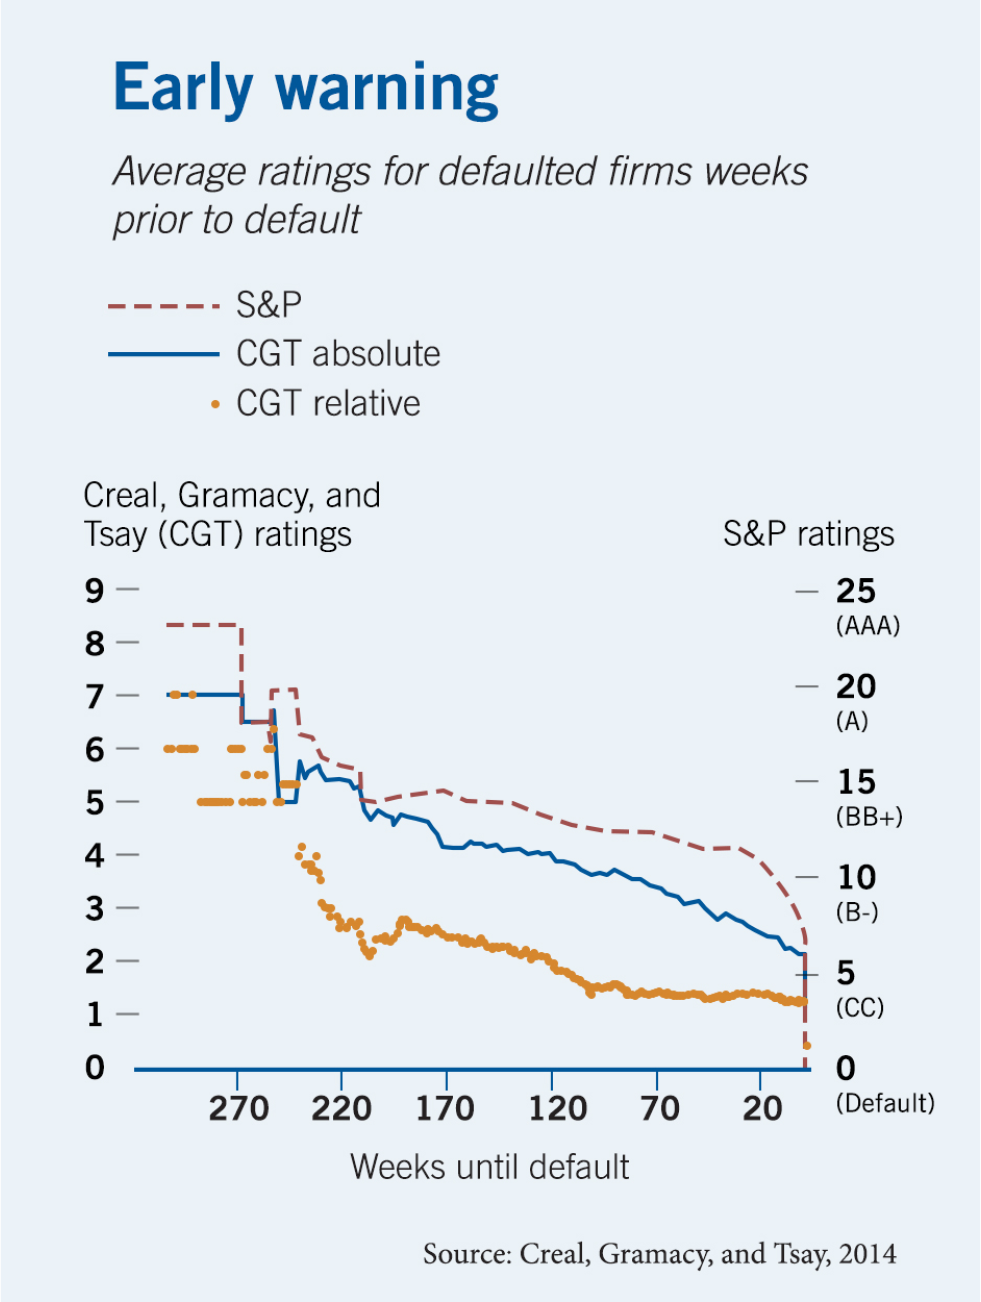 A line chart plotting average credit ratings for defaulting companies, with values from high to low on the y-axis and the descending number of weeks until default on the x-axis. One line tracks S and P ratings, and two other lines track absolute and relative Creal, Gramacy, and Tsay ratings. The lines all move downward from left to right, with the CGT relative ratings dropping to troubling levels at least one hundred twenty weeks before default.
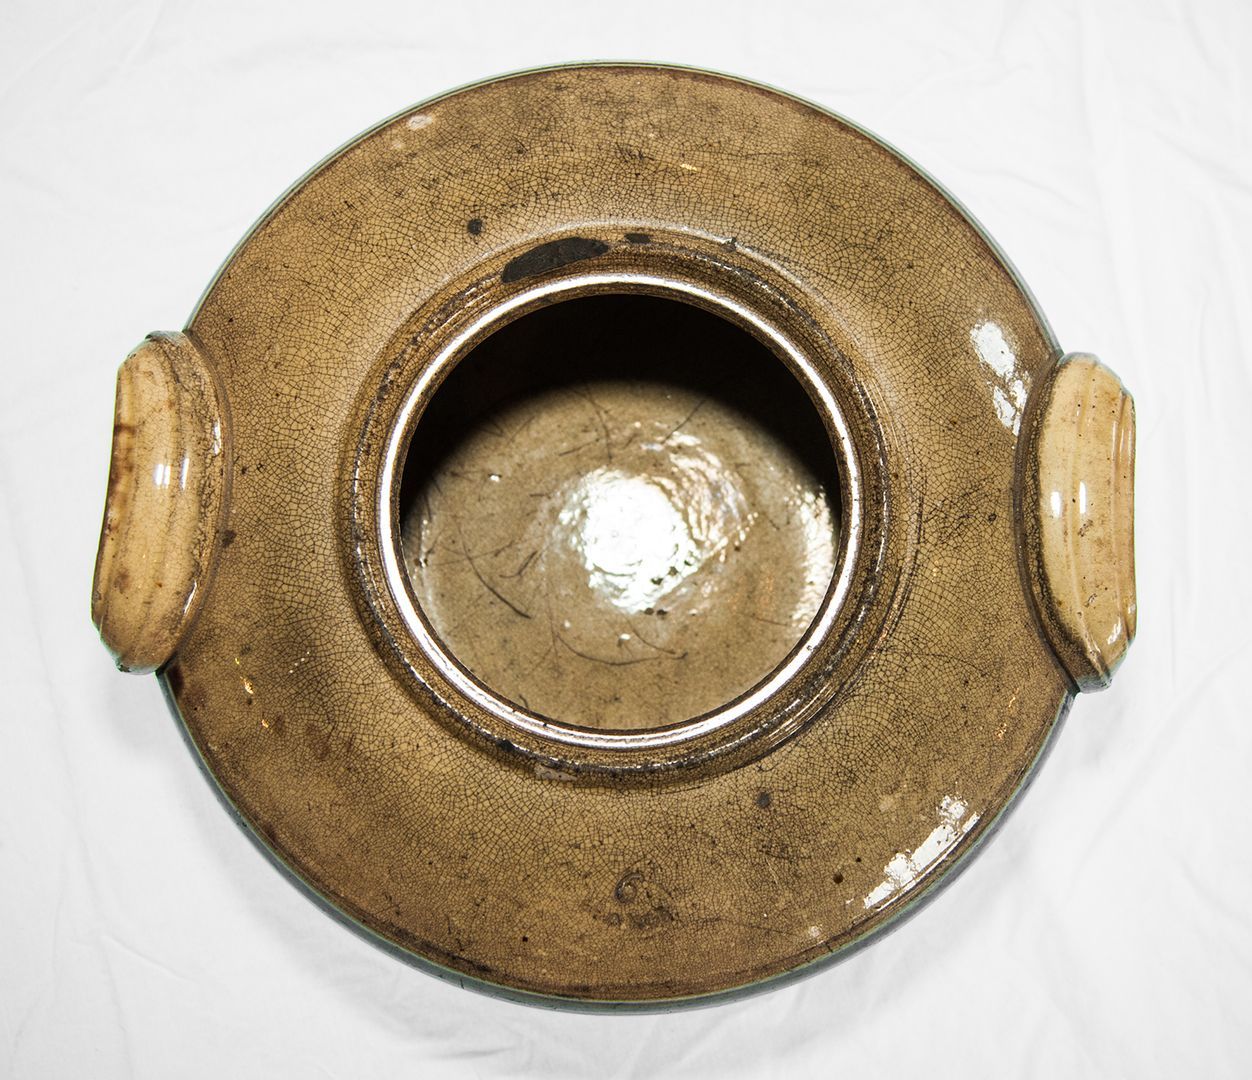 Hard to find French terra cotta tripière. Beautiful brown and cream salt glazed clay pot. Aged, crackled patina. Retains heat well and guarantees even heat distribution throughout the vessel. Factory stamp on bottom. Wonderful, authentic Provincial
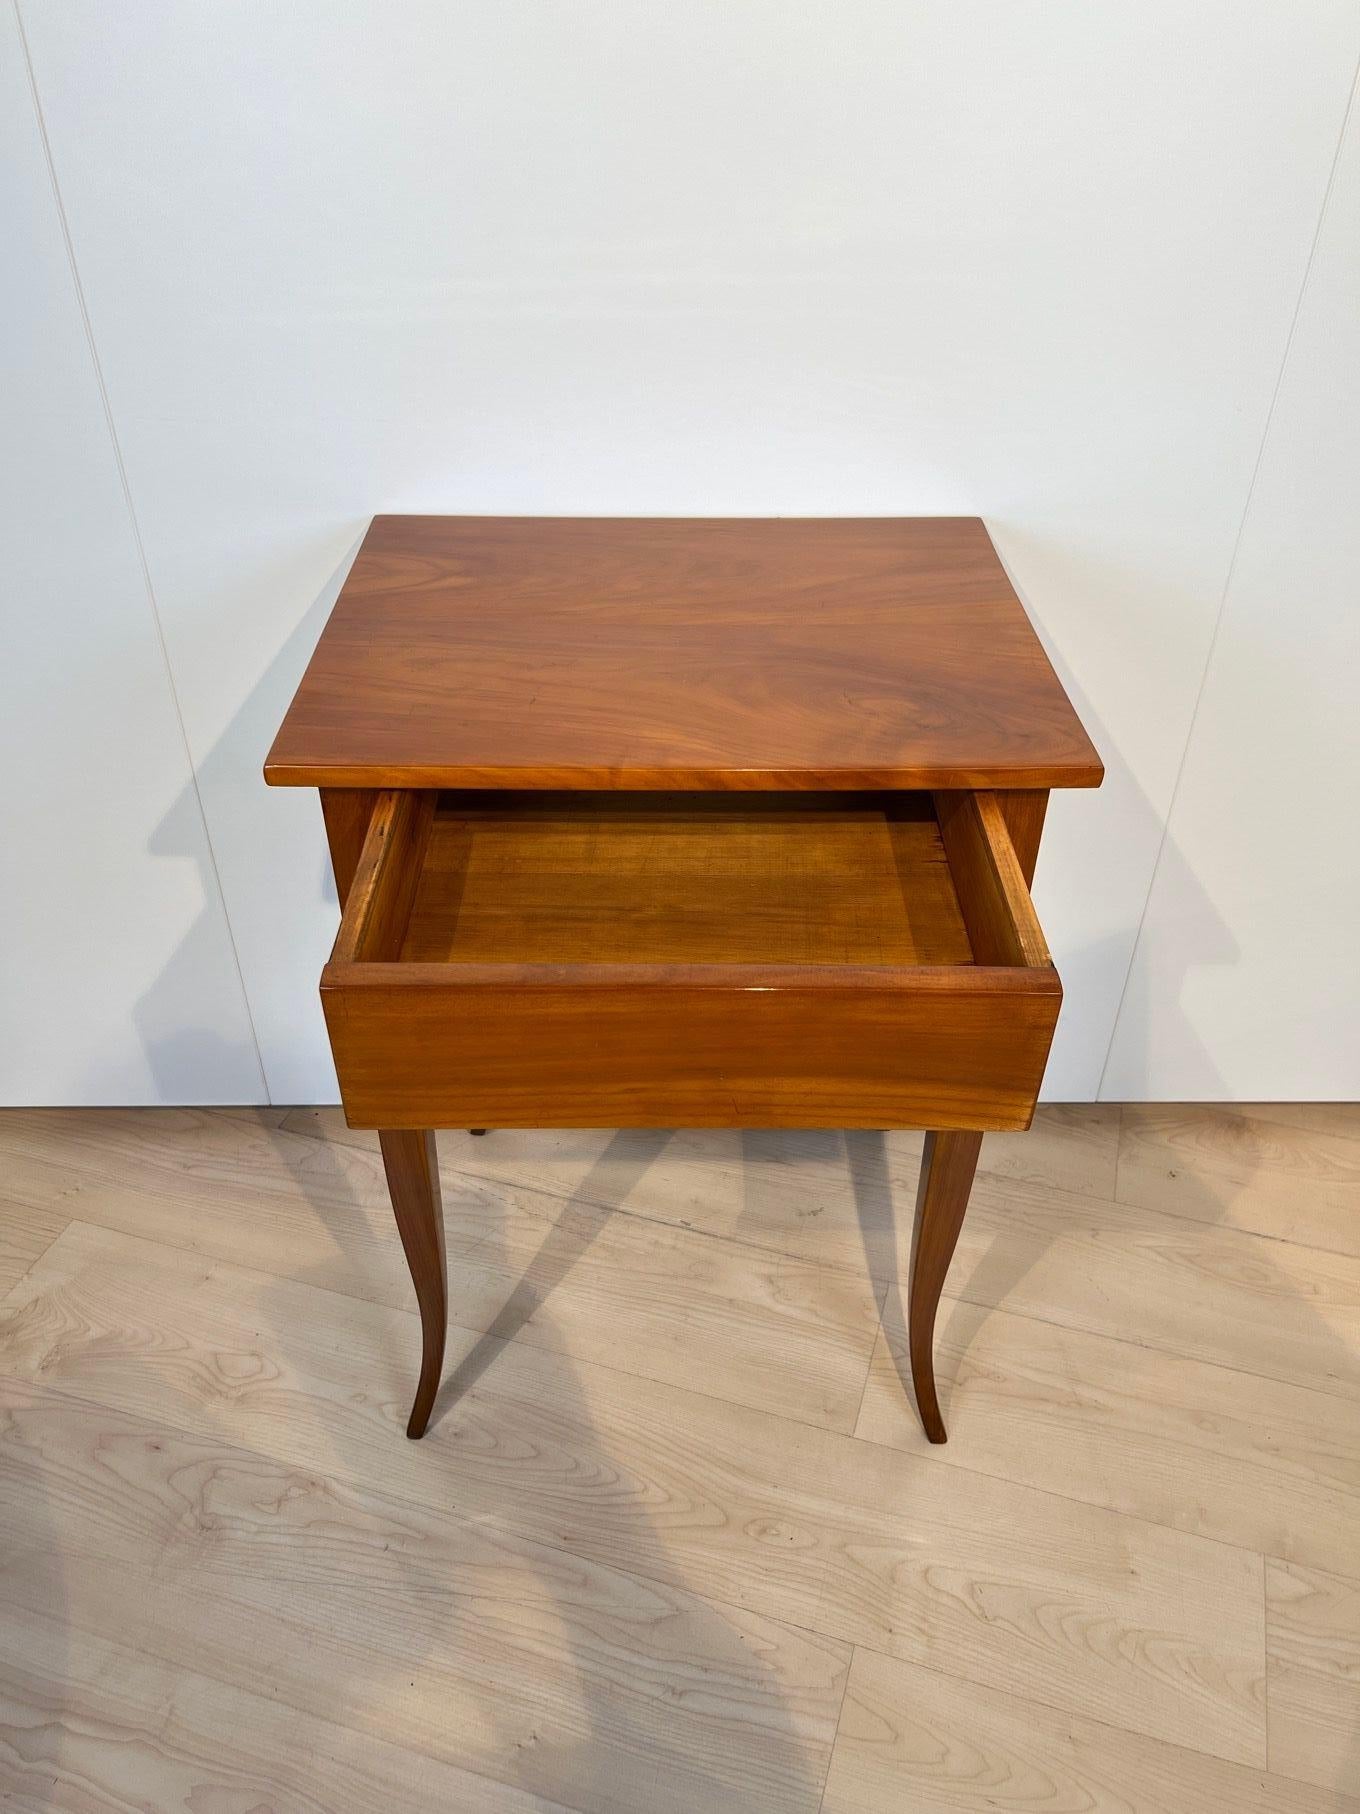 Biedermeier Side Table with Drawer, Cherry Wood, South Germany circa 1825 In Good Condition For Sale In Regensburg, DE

### Task details
The complete material, set down exactly and stripped of pictures, is the expected response.

### Output of the exercise
 A line chart plotting average credit ratings for defaulting companies, with values from high to low on the y-axis and the descending number of weeks until default on the x-axis. One line tracks S and P ratings, and two other lines track absolute and relative Creal, Gramacy, and Tsay ratings. The lines all move downward from left to right, with the CGT relative ratings dropping to troubling levels at least one hundred twenty weeks before default.
 Hard to find French terra cotta tripière. Beautiful brown and cream salt glazed clay pot. Aged, crackled patina. Retains heat well and guarantees even heat distribution throughout the vessel. Factory stamp on bottom. Wonderful, authentic Provincial
 Biedermeier Side Table with Drawer, Cherry Wood, South Germany circa 1825 In Good Condition For Sale In Regensburg, DE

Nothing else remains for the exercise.